Not sure, TBH. I've been trying to unsuccessfully solve this puzzle for a while now. Wouldn't dare claim I'm a guru, but not a novice in C++ either. My best guess is that the episode would be around 7-11 minutes.

Here's what the puzzle is:

USB string descriptors are defined as a "length" byte (total size of the descriptor) followed by a descriptor type's byte (0x03 for String) followed by UTF-16 characters. For example:

enum UsbDescriptorType : uint8_t{
    USB_DESCR_DEVICE        = 1
  , USB_DESCR_CONFIGURATION = 2
  , USB_DESCR_STRING        = 3
 // ... other types
};

struct UsbDescrStd{
    const uint8_t bLength;
    const UsbDescriptorType bDescriptorType;
};

template<size_t N>
struct UsbDescrString: UsbDescrStd{
    char16_t str[N-1]; // [N-1] to allow constructor from C-strings: UsbDescrString(const char(&s)[N])
};

Now... defining those USB strings in code is a bit cumbersome as it requires me to explicitly provide the size as template argument: constinit const UsbDescrString<6> usbStrManufacturer {"MyLtd"};

The goal is to provide a user-defined literal that would make that initialization look clean and natural, like this: constinit const auto usbStrManufacturer {"MyLtd"_usbstr};

The issue here is that I need to provide both template and non-template arguments into the user-defined literal, which is explicitly prohibited by the standard

YePhIcK (pronounced as "yefik")

P.S. This is, of course, code for an embedded device that adheres to USB device spec. Managing USB descriptors is a real nightmare so I'm trying to automate as much as possible to reduce or completely eliminate room for human mistakes

P.P.S. My attempt at solving this puzzle with the help of SO community: https://stackoverflow.com/questions/75051100/string-literals-as-template-arguments-forces-code-duplication-and-verbosity

and the best solution which I ended up NOT implementing because of the verbosity and complexity of the resulting code: https://godbolt.org/z/nGxKxK4q7

Neither my SO question nor the "solution" do the user-defined string literals, just linking them as "more info" type of thing

syntax-rules commented 1 year ago

here's an approach I came up with, requires C++20: https://godbolt.org/z/7bhqMYs3T It imposes an upper limit, but since you only have a length byte maybe that's ok.

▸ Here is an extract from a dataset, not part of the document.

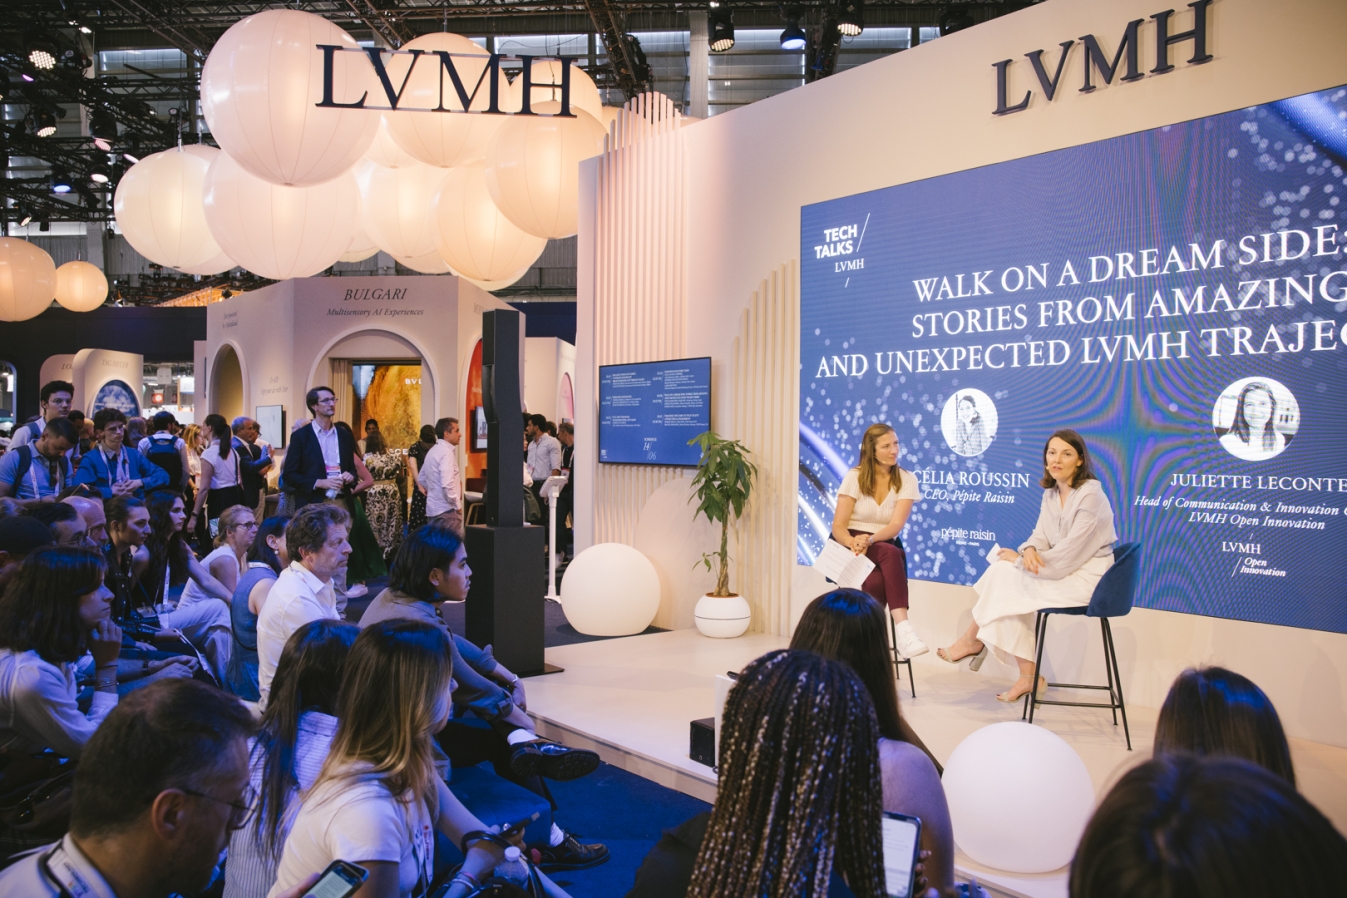 LVMH on X: It's a wrap for Day 1 at @VivaTech where the dream
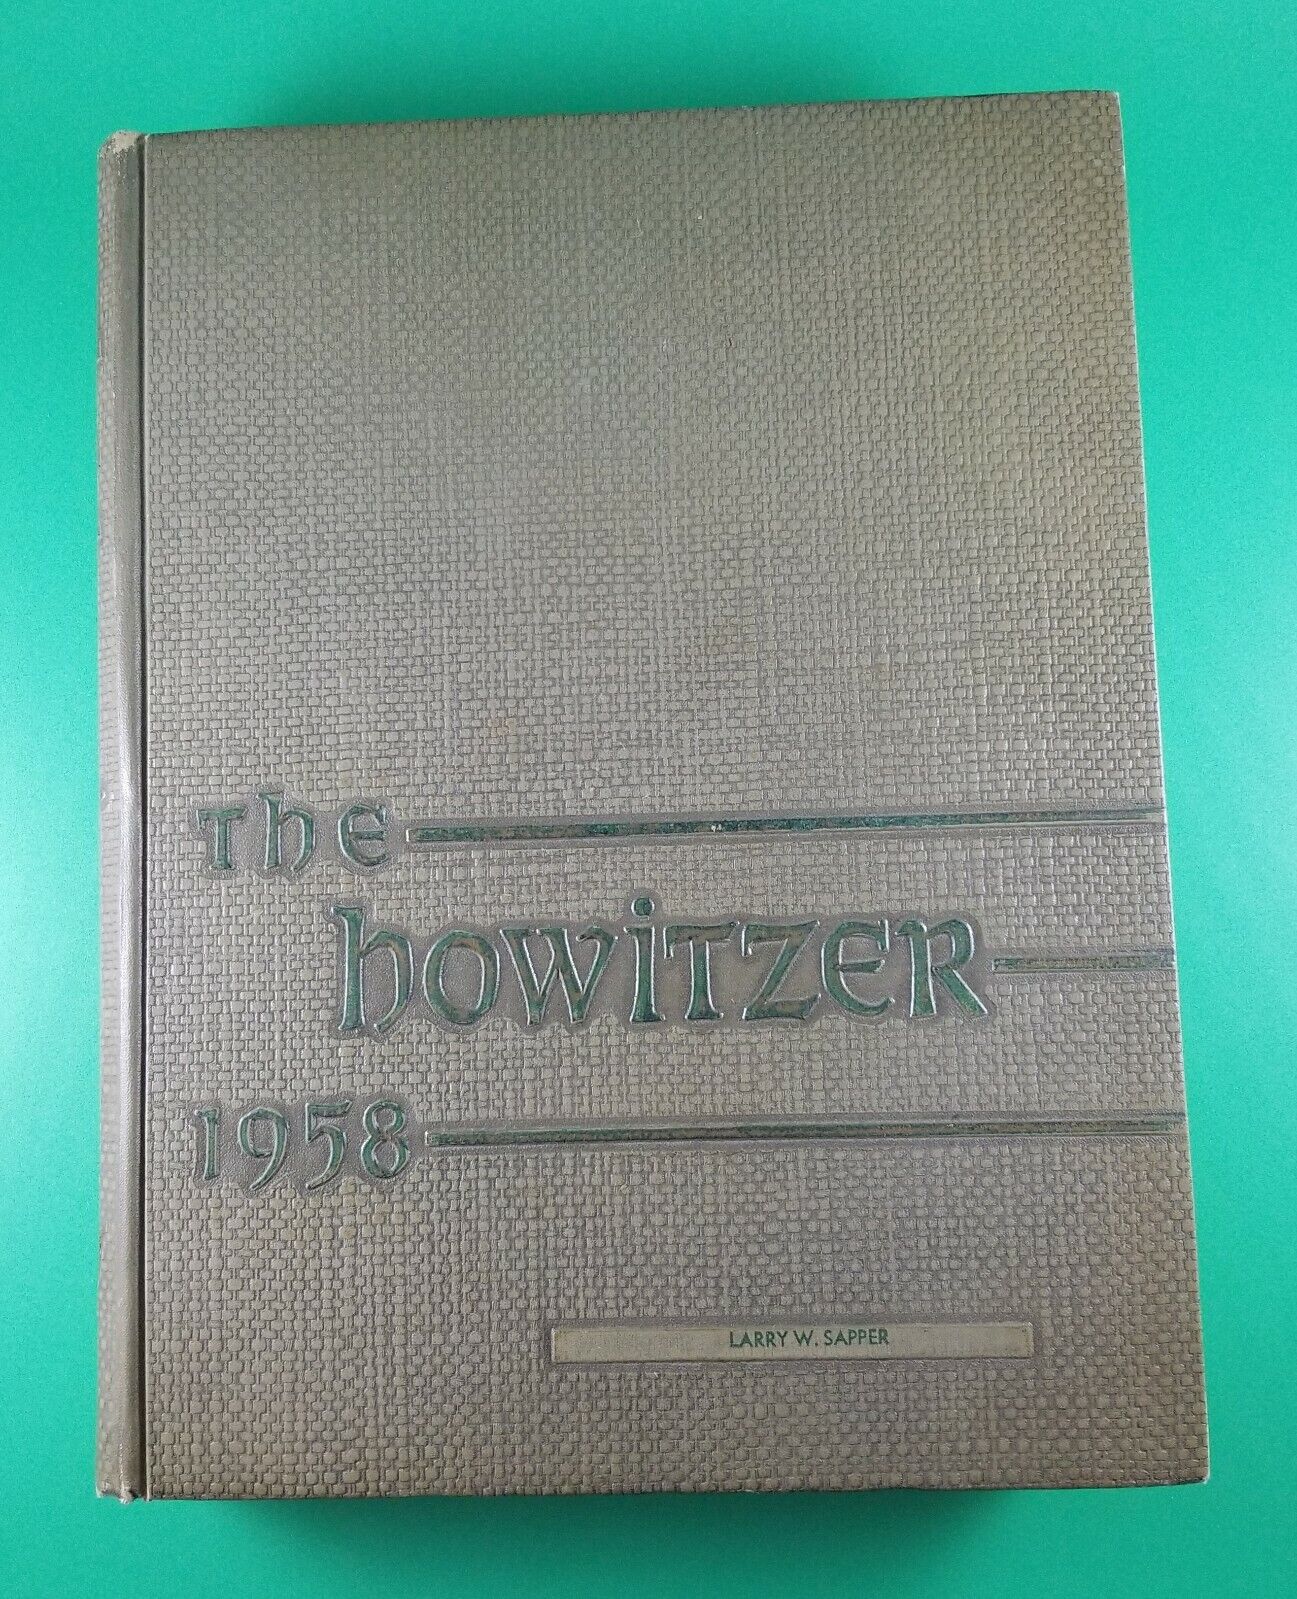 1958 U.S. MILITARY ACADEMY YEARBOOK HOWITZER WEST POINT

yephick commented 1 year ago

here's an approach I came up with, requires C++20: https://godbolt.org/z/7bhqMYs3T It imposes an upper limit, but since you only have a length byte maybe that's ok.

I see what you've done here, quite concise. Unfortunately, while this may work for many other scenarios, it fails for this particular one where the actual byte size of the resulting struct MUST be the declared bLength as it is used in USB protocol where that matters.